*WHAT THE EXERCISE ASKS*
Having located the line with "5017 N Stone", print it and each remaining line exactly, stopping at the end of the material and omitting pictures.
(SUPPLIED INFORMATION Opens)
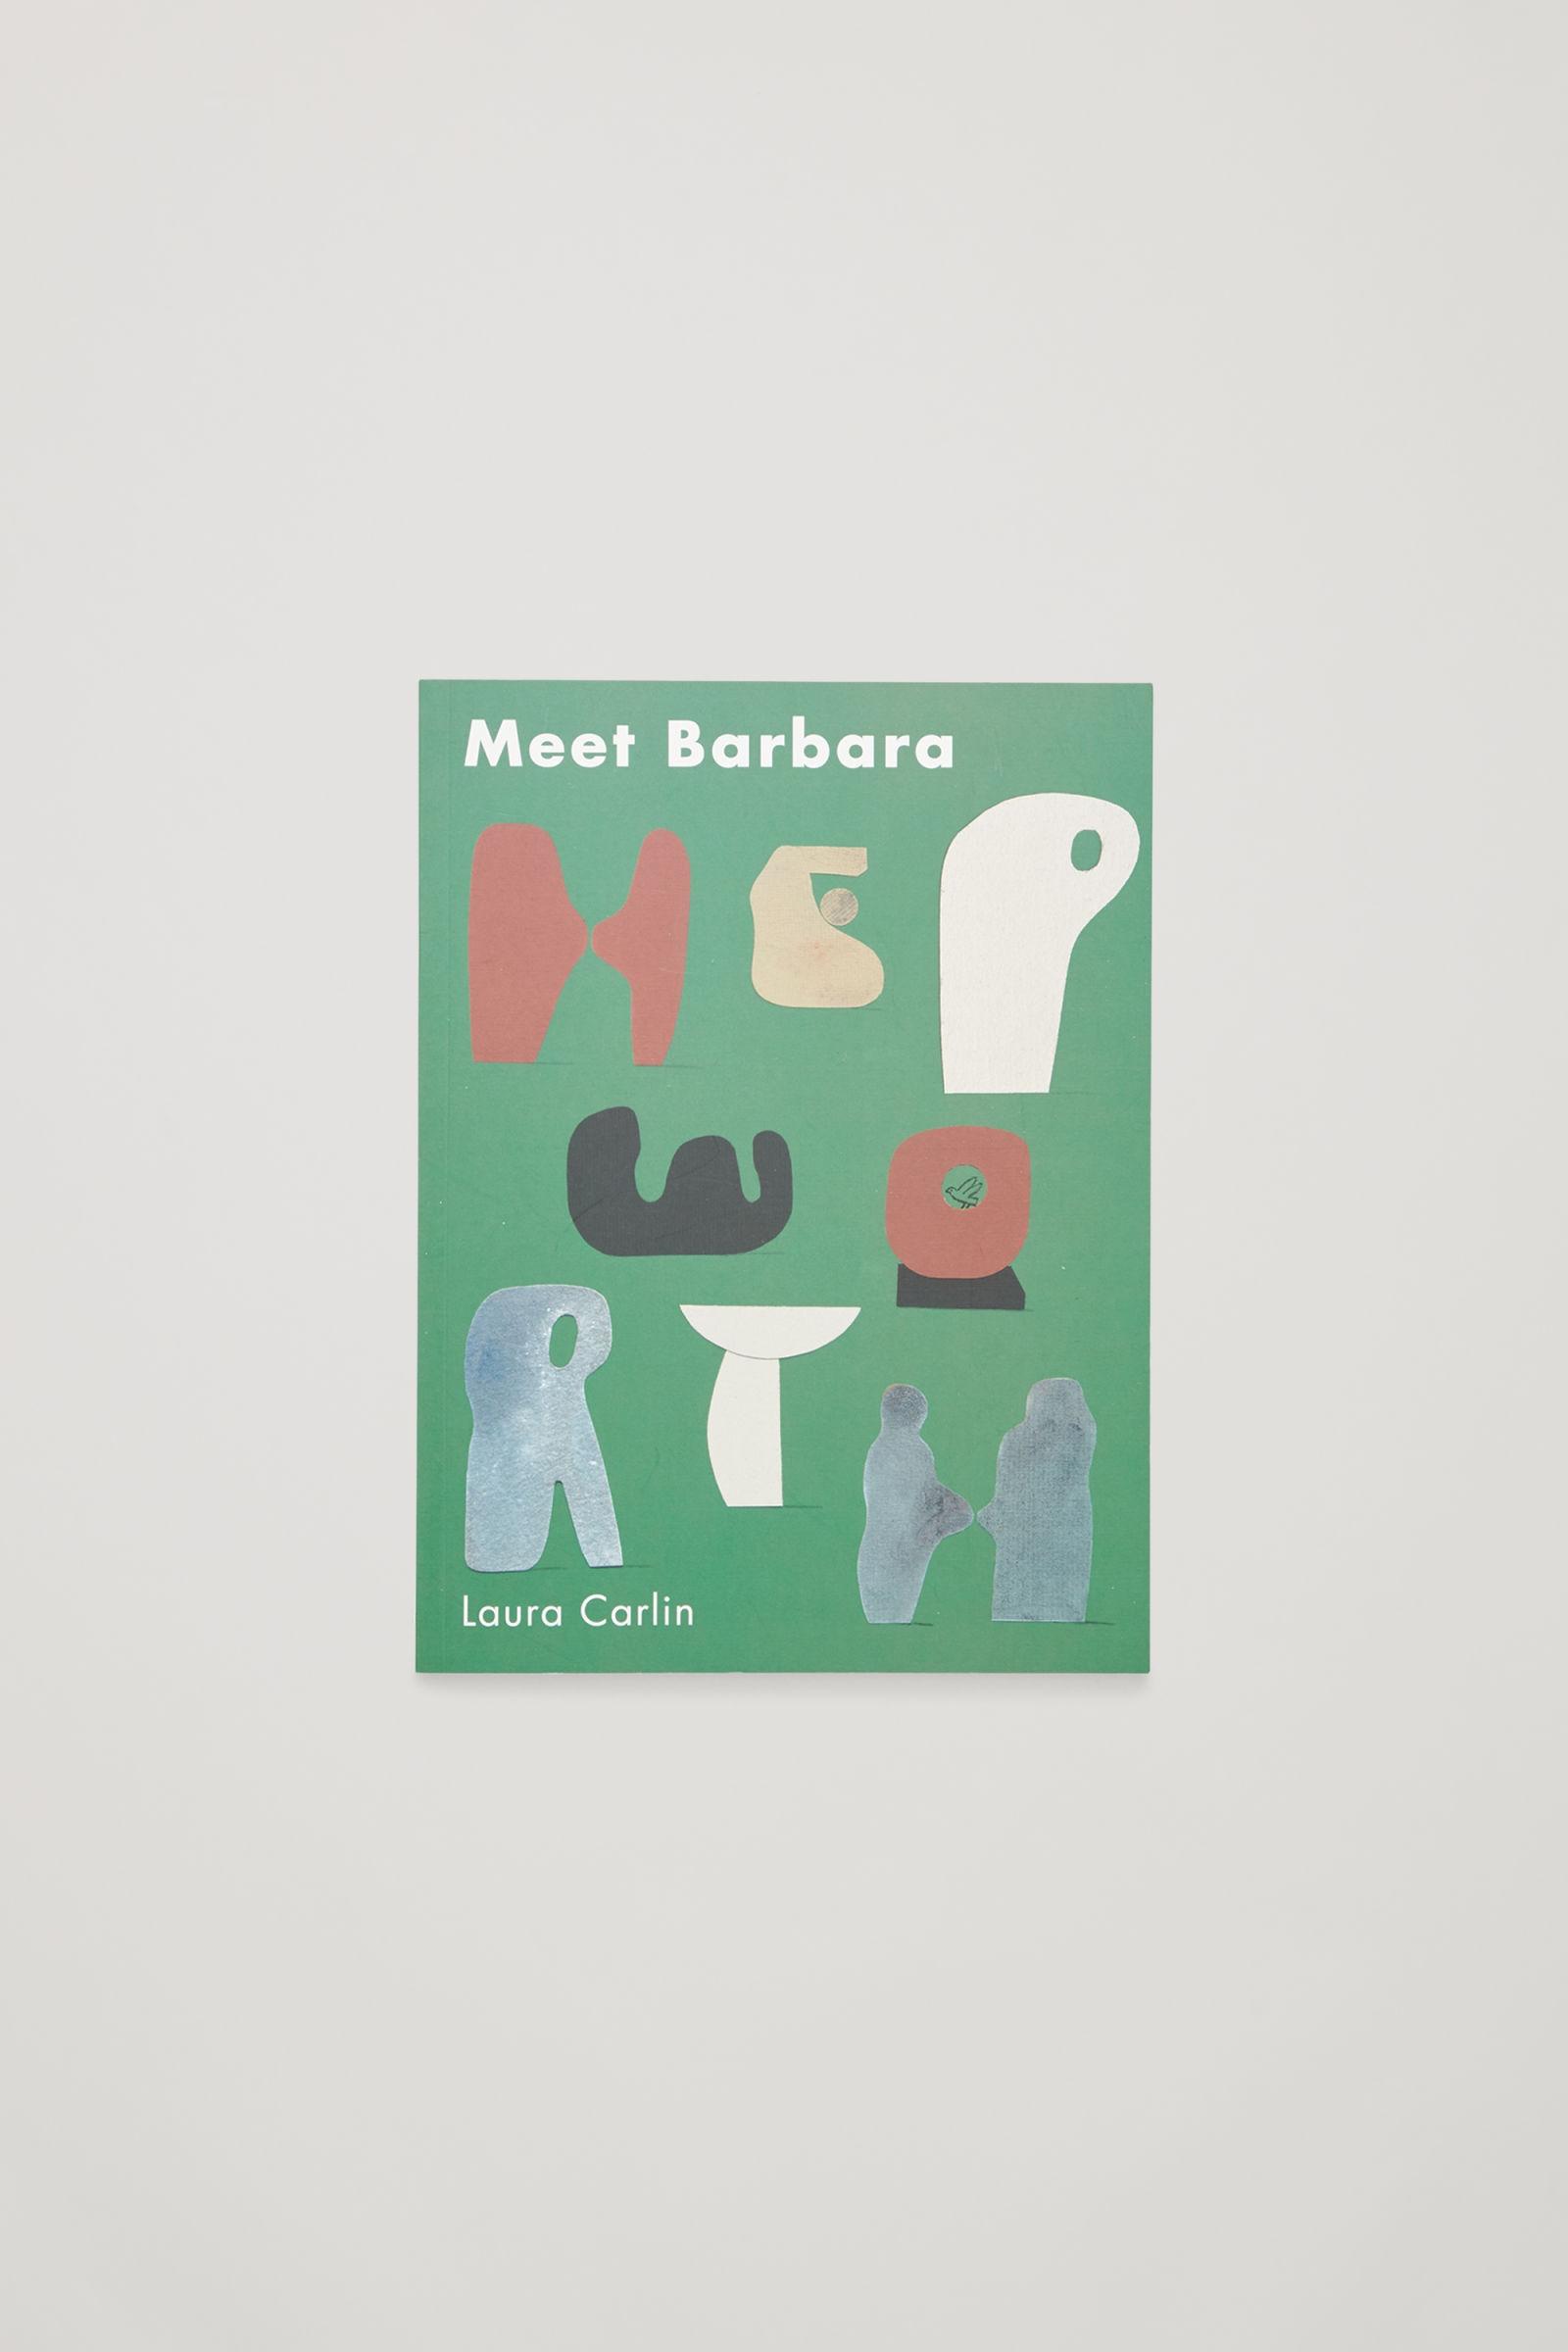 코스 키즈 아트북, 일러스트 책 COS MEET THE ARTIST BOOK,MEET BARBARA HEPWORTH
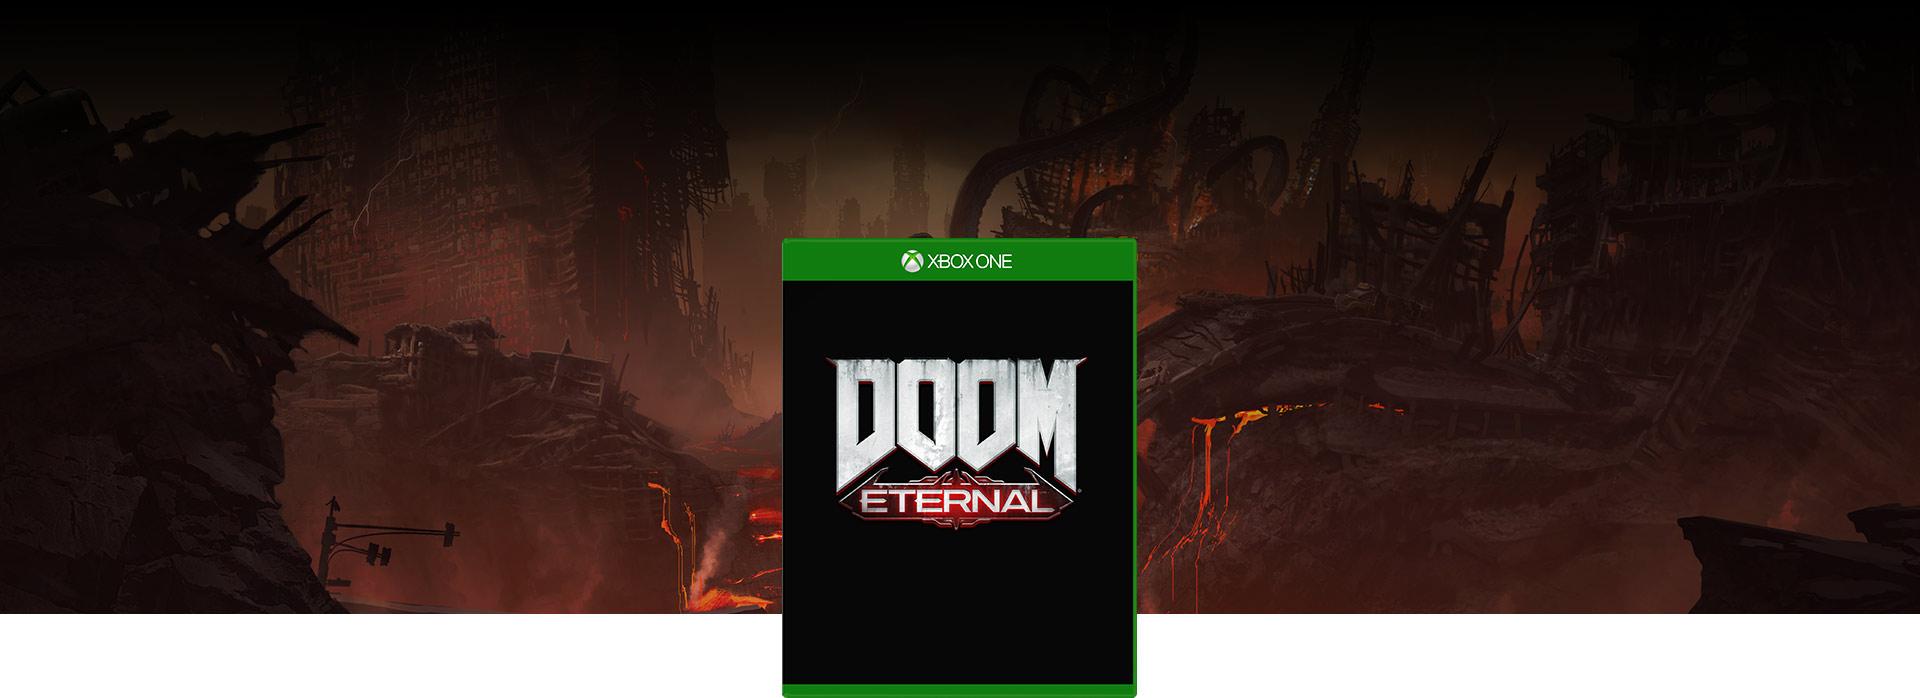 DOOM Eternal-coverbilde, bakgrunn med tentakler som kommer ut av lava i helvete
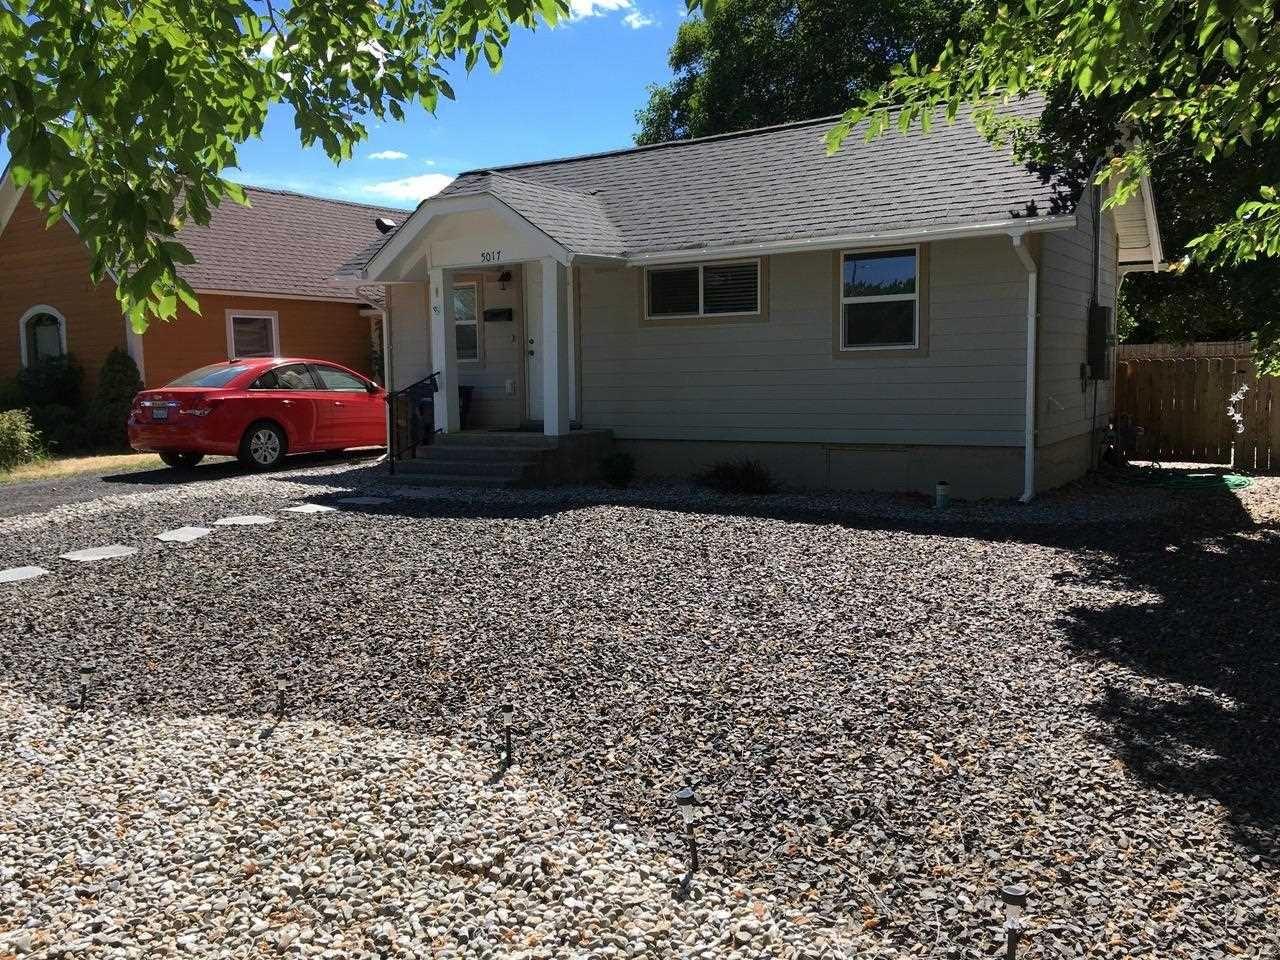 5017 N Stone St, Spokane, WA 99207-4160 - #: 202117596
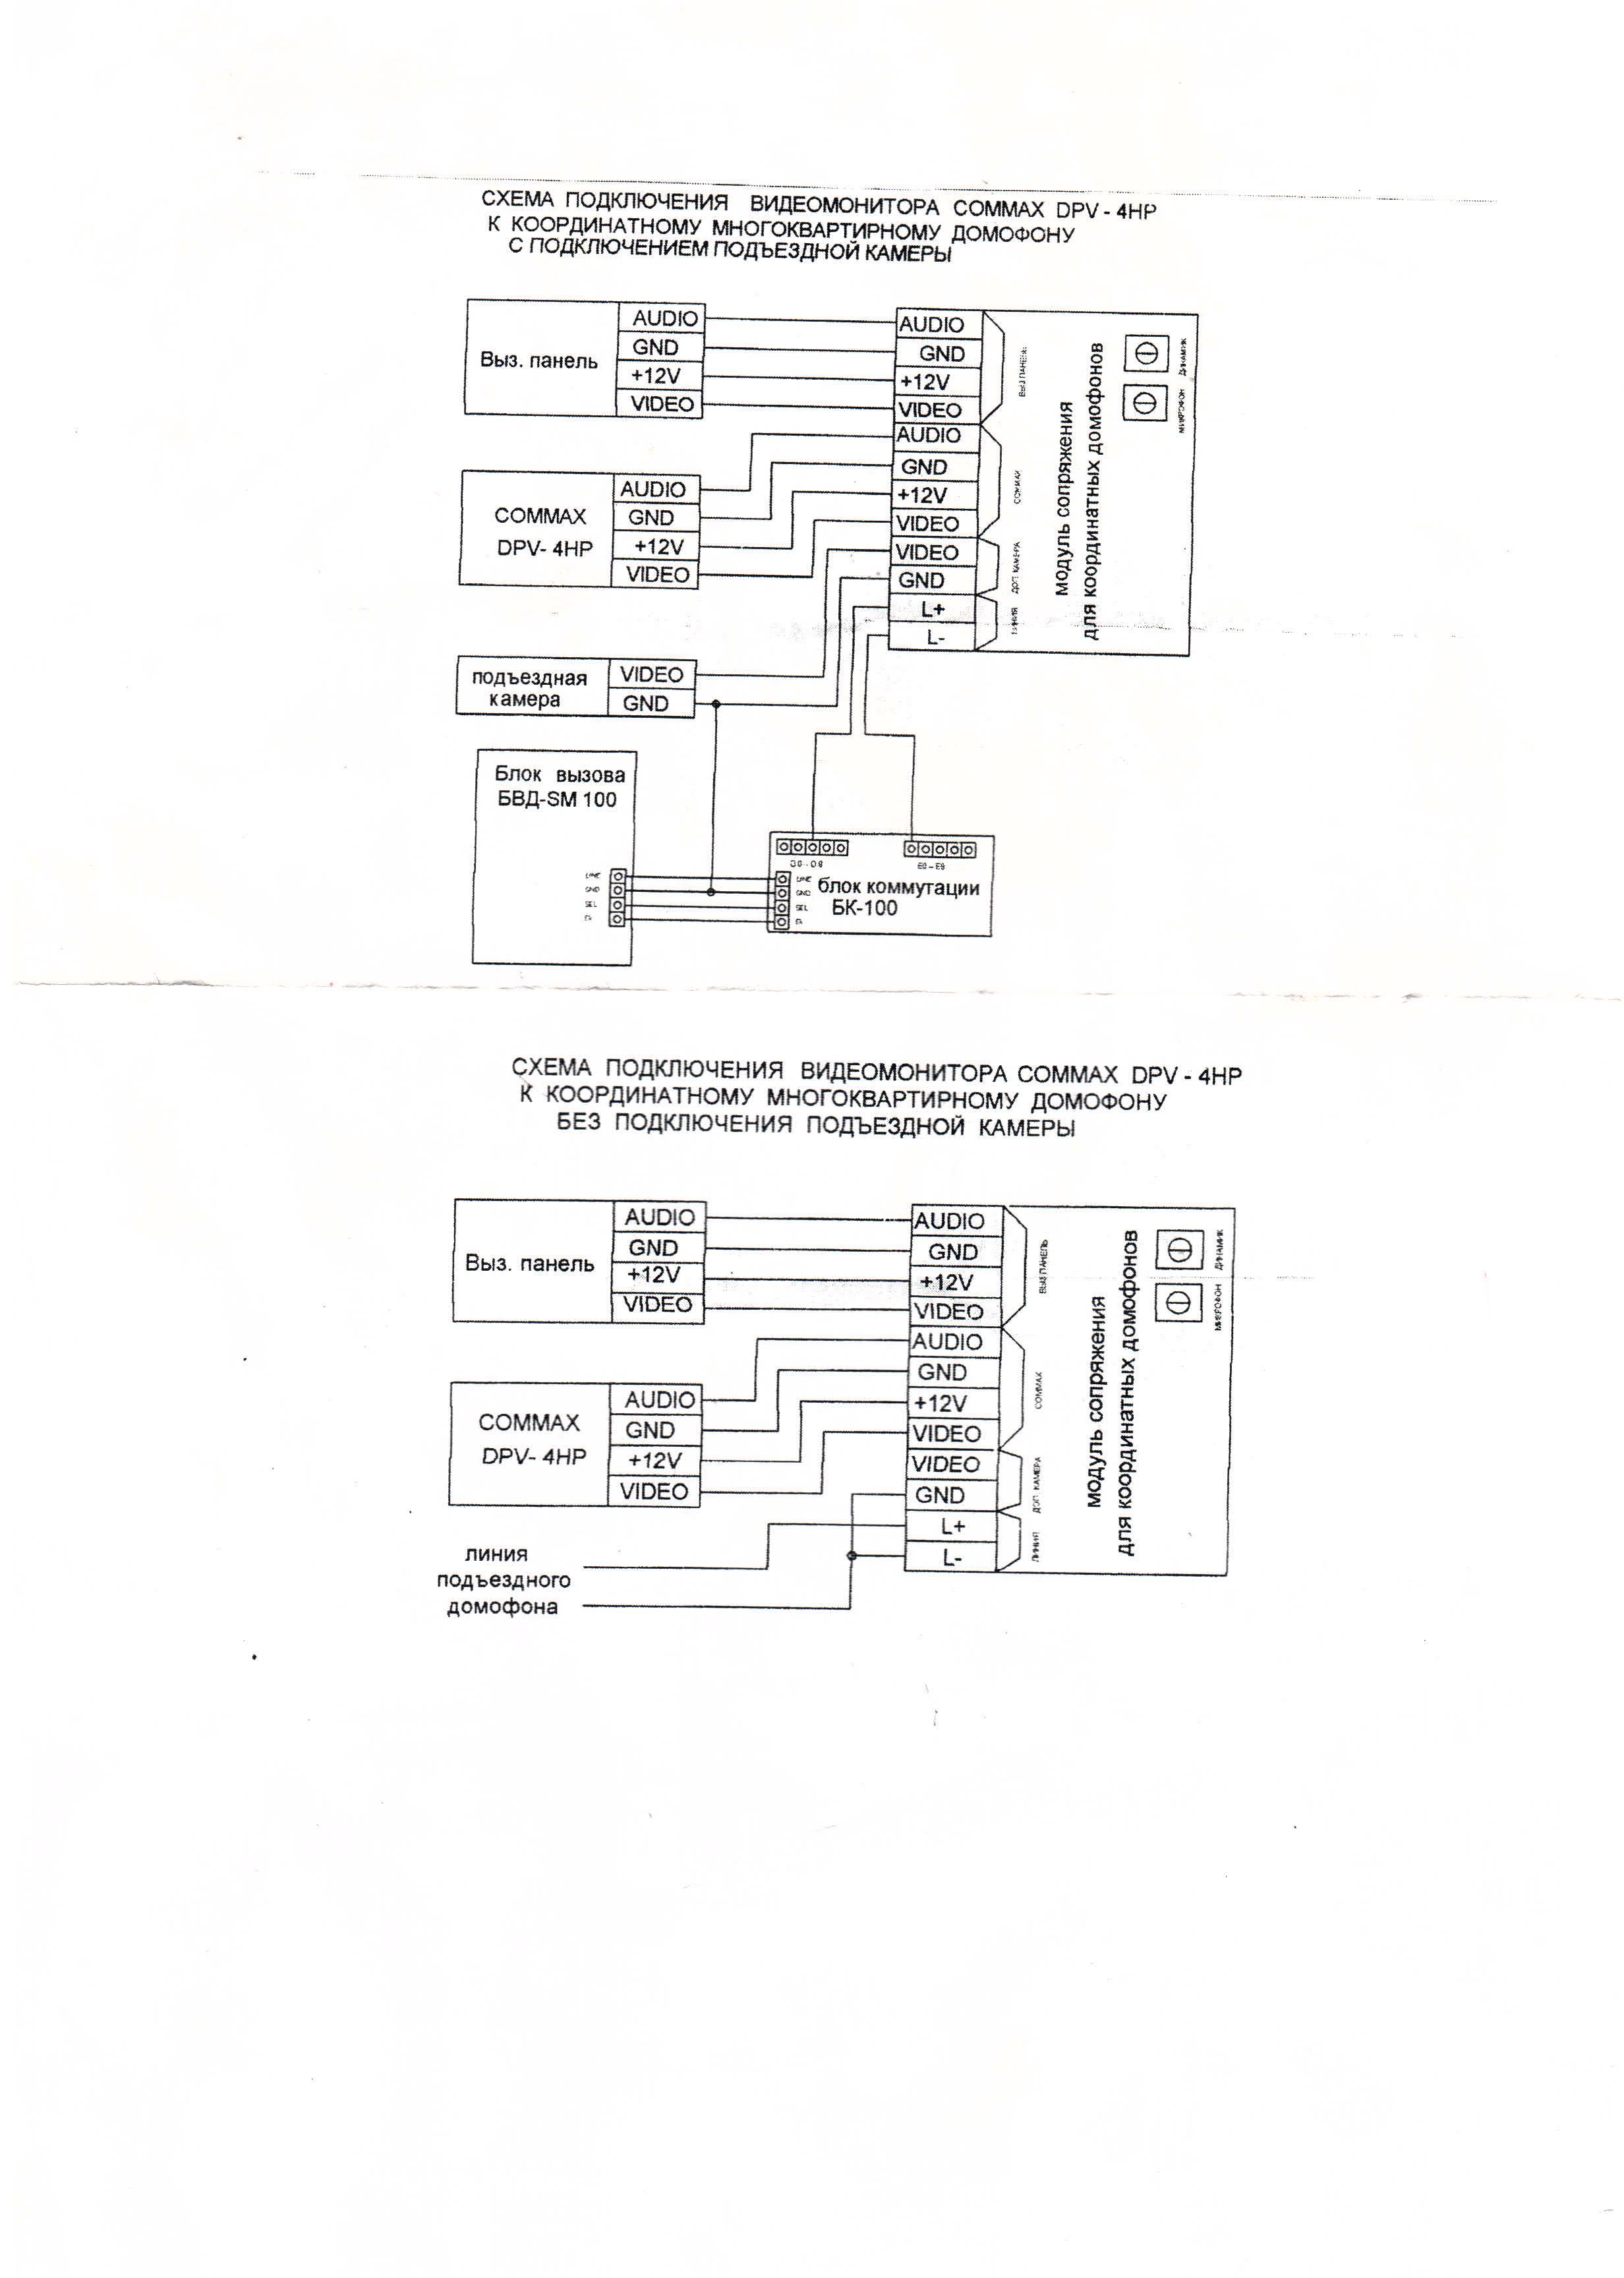 схема подключения многоквартирного домофона vizit видео
(SUPPLIED INFORMATION Closes)
*RESULT FOR THIS EXERCISE*
 5017 N Stone St, Spokane, WA 99207-4160 - #: 202117596
 схема подключения многоквартирного домофона vizit видео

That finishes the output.